DickersonBakker Blog

4 Ideas for How to Secure a Major Donor Meeting

If saying thank you is the only reason for a requested meeting with your major donor, please save your breath and their time. In most cases, their time is too valuable to meet just to hear thank you.

Do they value your appreciation of their gift? You bet they do. Donors leave if they don’t feel that their gift is relevant or appreciated! However, it’s not worth the time a meeting takes just to hear you say thank you. Instead, use the time together for a more mutually productive purpose.

Ask Major Donors for Their Advice

An excellent reason to meet with a major donor is to ask for their advice about a project the ministry is seriously considering. You may have to hold back on revealing confidential information. However, you can usually share the general scope of an idea.

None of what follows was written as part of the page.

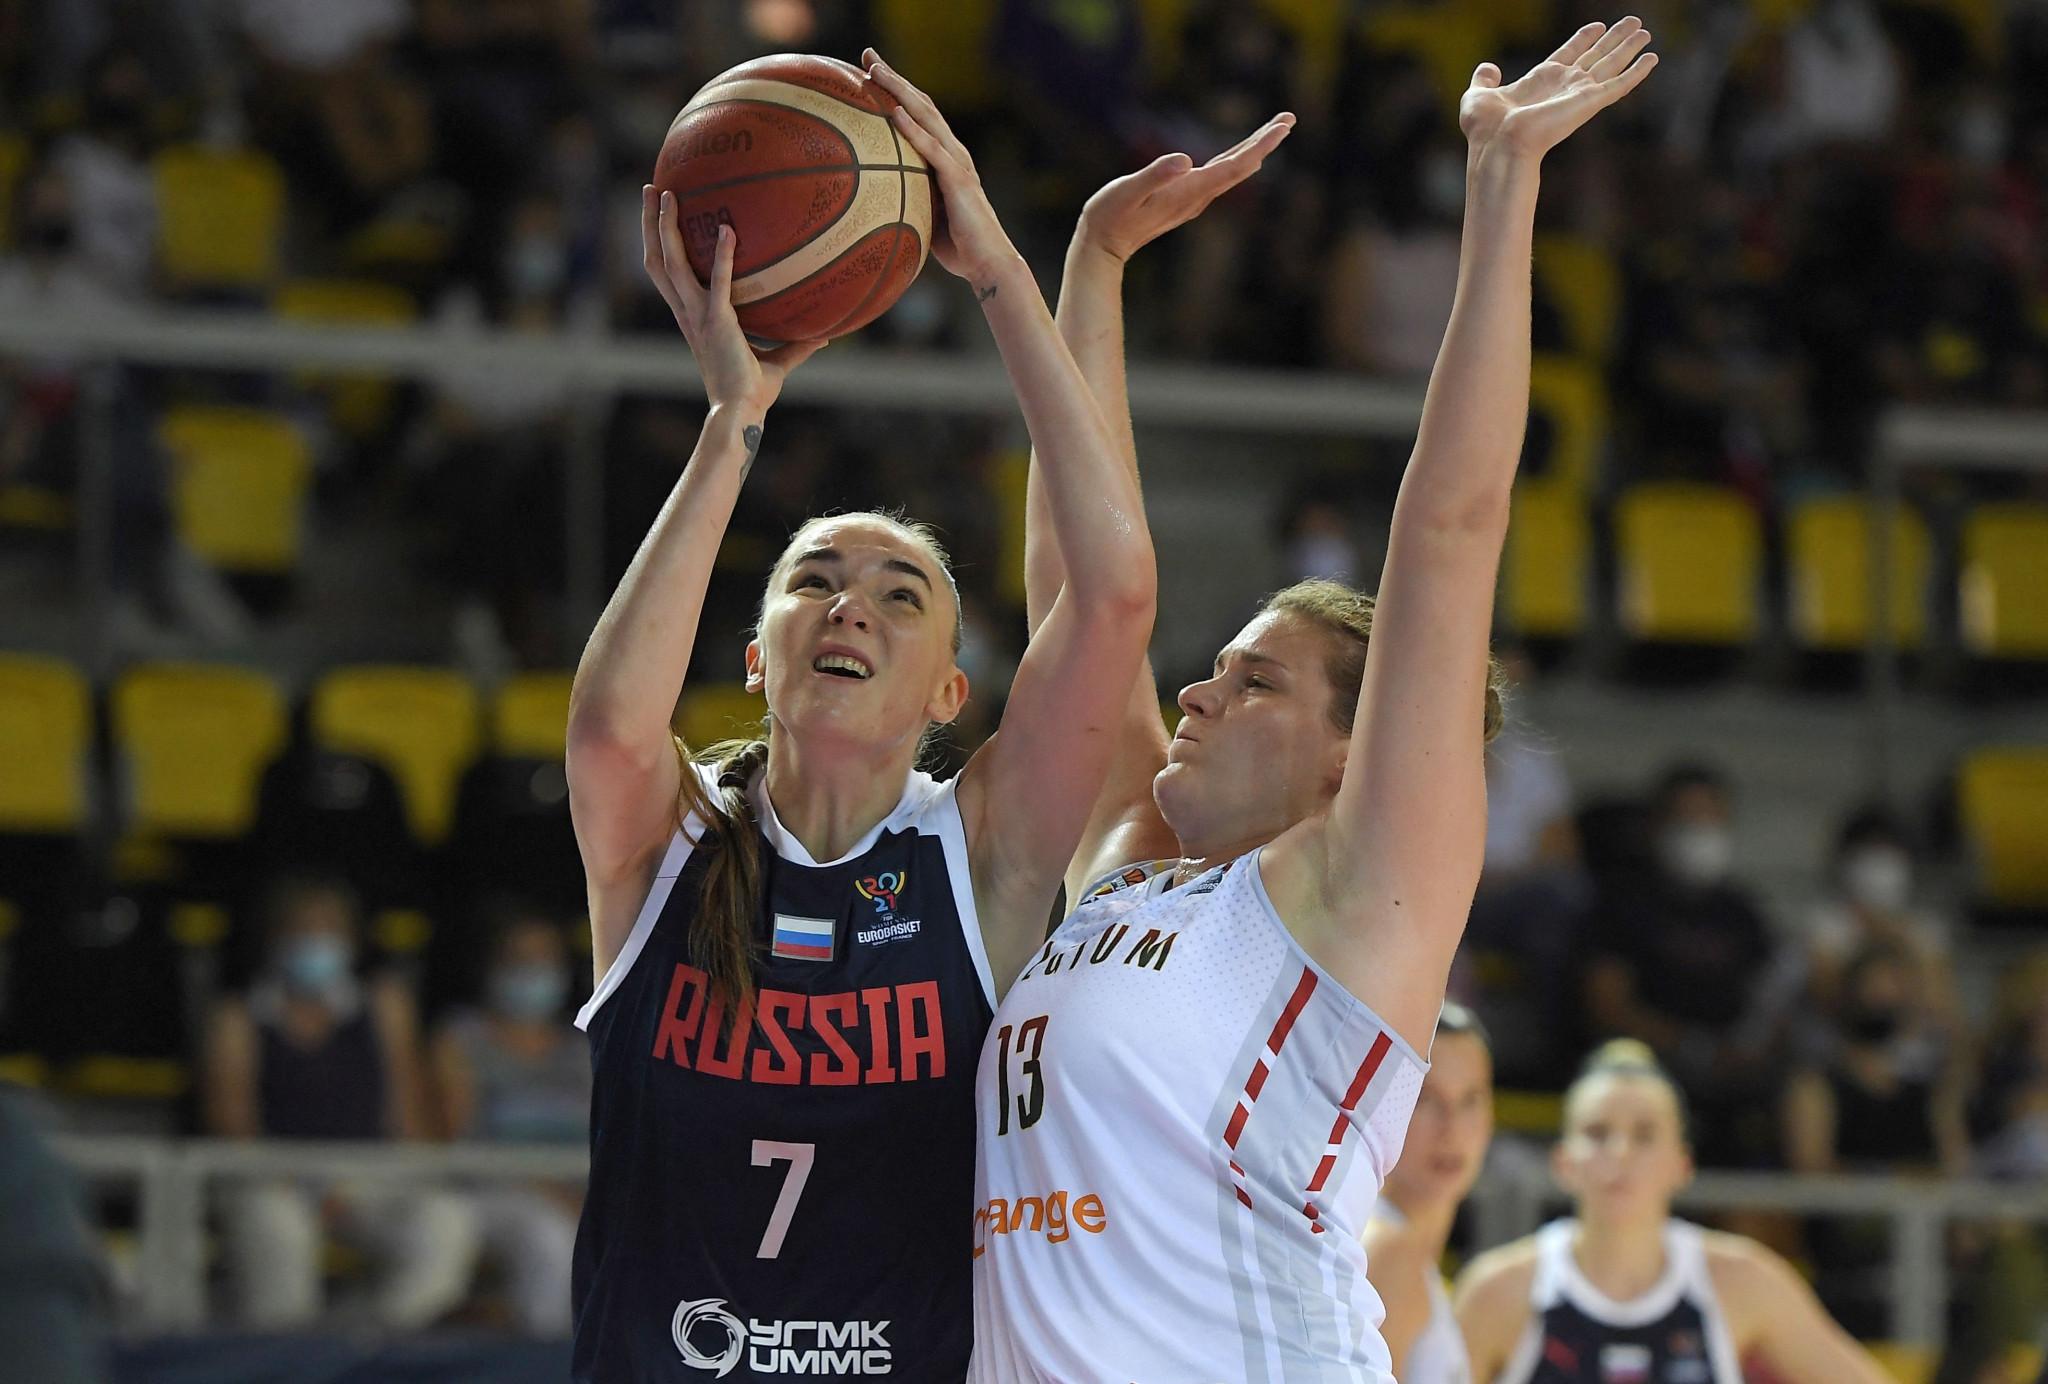 Russian women's basketball captain named as Yekaterinburg 2023 ambassador

Try to relate your questions to specific expertise your donor understands well. Is the donor an architect, software wiz, real estate broker, banker, company president, marketing VP? Match your request for advice to their expertise.

How to Secure a Major Donor Meeting

Here are four ideas for how to secure a major donor meeting:

  1. Wisdom on Critical Decisions: 

    Mr. Andrews, we really value your support and interest in “XYZ Ministry”. You are one of the people who sees how [insert what you do here]. However, here’s one of our on-going needs: (basics of the need). As a successful businessman/woman here in (your city) God has gifted you to bring wise counsel and ideas to bear at your own company. I wonder if He might also have put you in our path so you could share some of that insight and wisdom with us. If you would be willing to share 30 or 40 minutes of your time, I’d like to set up a meeting with you to discuss a few of our upcoming critical decisions. Would that be all right with you?

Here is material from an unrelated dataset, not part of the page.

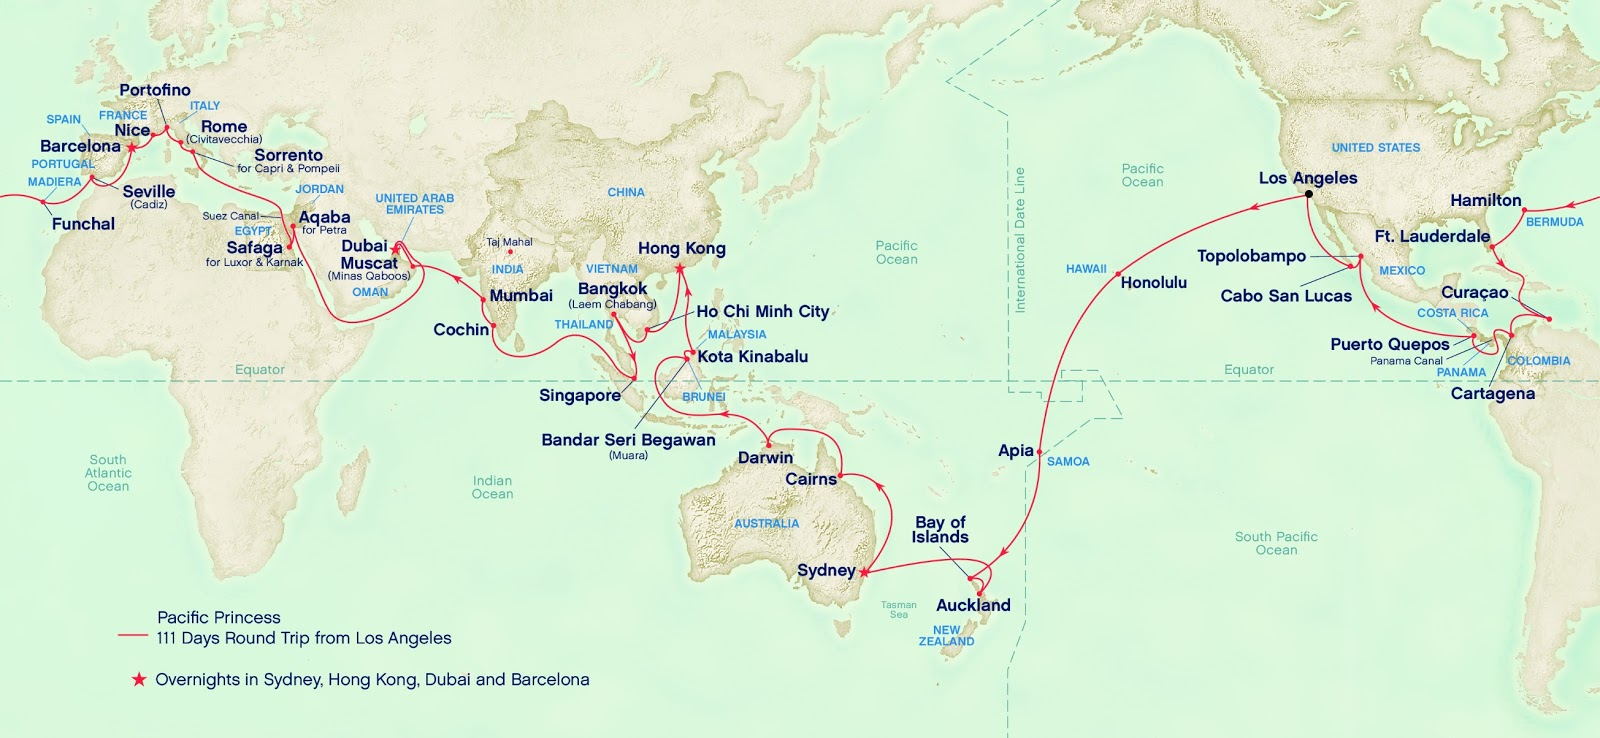 World cruise 2015 world cruise 2015 map for Cruise around the world

  2. Unique Perspective on Exciting Ideas: 

    Mr. Green, our executive team has been tossing around a couple of exciting ideas. I want to bounce them off of you to see if you believe they’re in keeping with how you perceive our organization and where you see that it needs to be headed. You support what we do so you have a unique perspective that will really help us. Oh, and I promise to keep the meeting to 20 minutes or less.

  3. Research for a New Project:

    Mrs. Jacobson, we’re thinking about launching an interesting new project but I need to do research with some of our friends before we move forward. I especially want to pick your brain so I can gather feedback from someone who supports our mission before presenting recommendations to the executive team to review. Could you give me about 24 minutes to share the basic plan in-person sometime next week?

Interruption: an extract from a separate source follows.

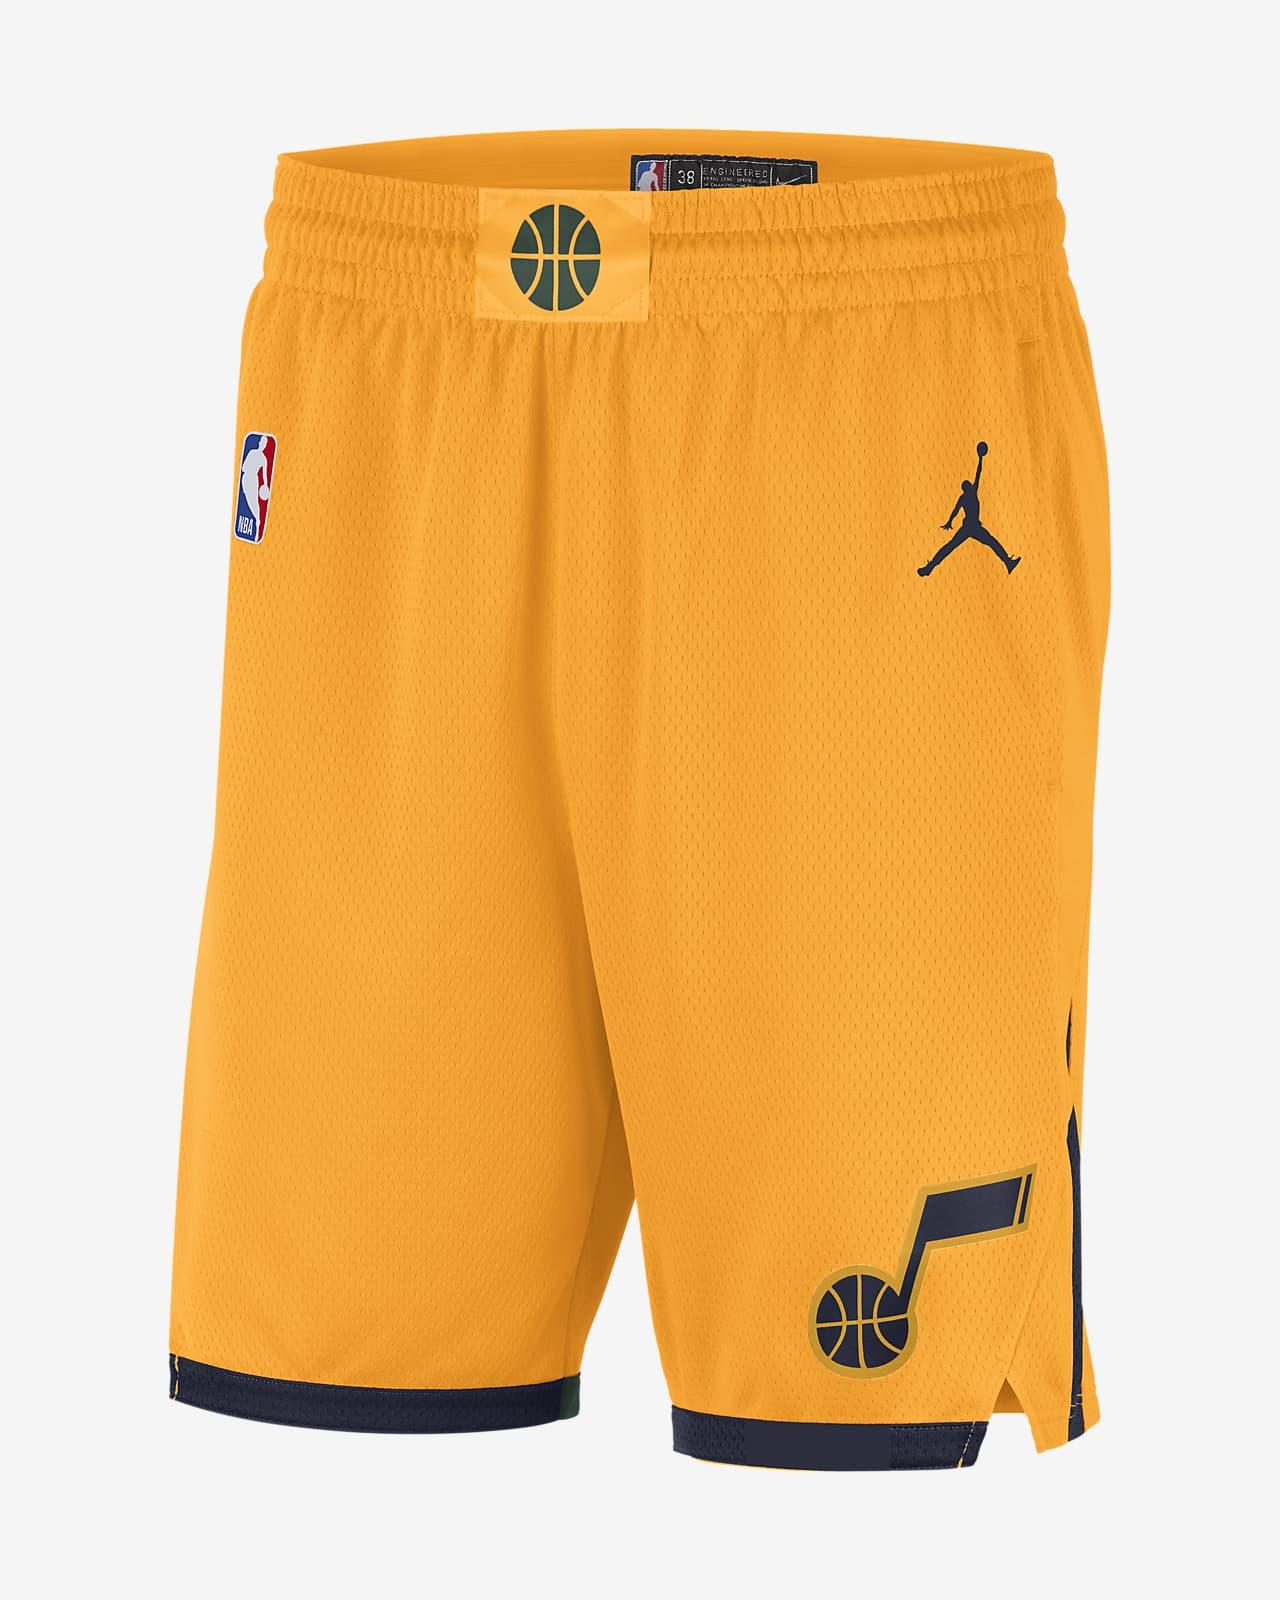 Jazz Statement Edition 2020 Jordan NBA Swingman Shorts für Herren

  4. Help Getting Community On Board: 

    Thank you again for taking my call, Ms. Crawford. Let me get right to the point—we are looking at a couple of new initiatives for the mission. Since you’re a long-time supporter of our ministry I’d like to run them past you. You could help me understand if the community would get behind the idea and how we might make it a reality. I don’t need more than about 28 minutes of your time – and it would be very valuable to me to go over this in person with you.

Please take some time to review these sample scripts and re-write them to make it your own. Trying to use my wording will only make your call, or voicemail message, sound stilted and scripted. When you use your own words it will come across as authentic, friendly, and warm.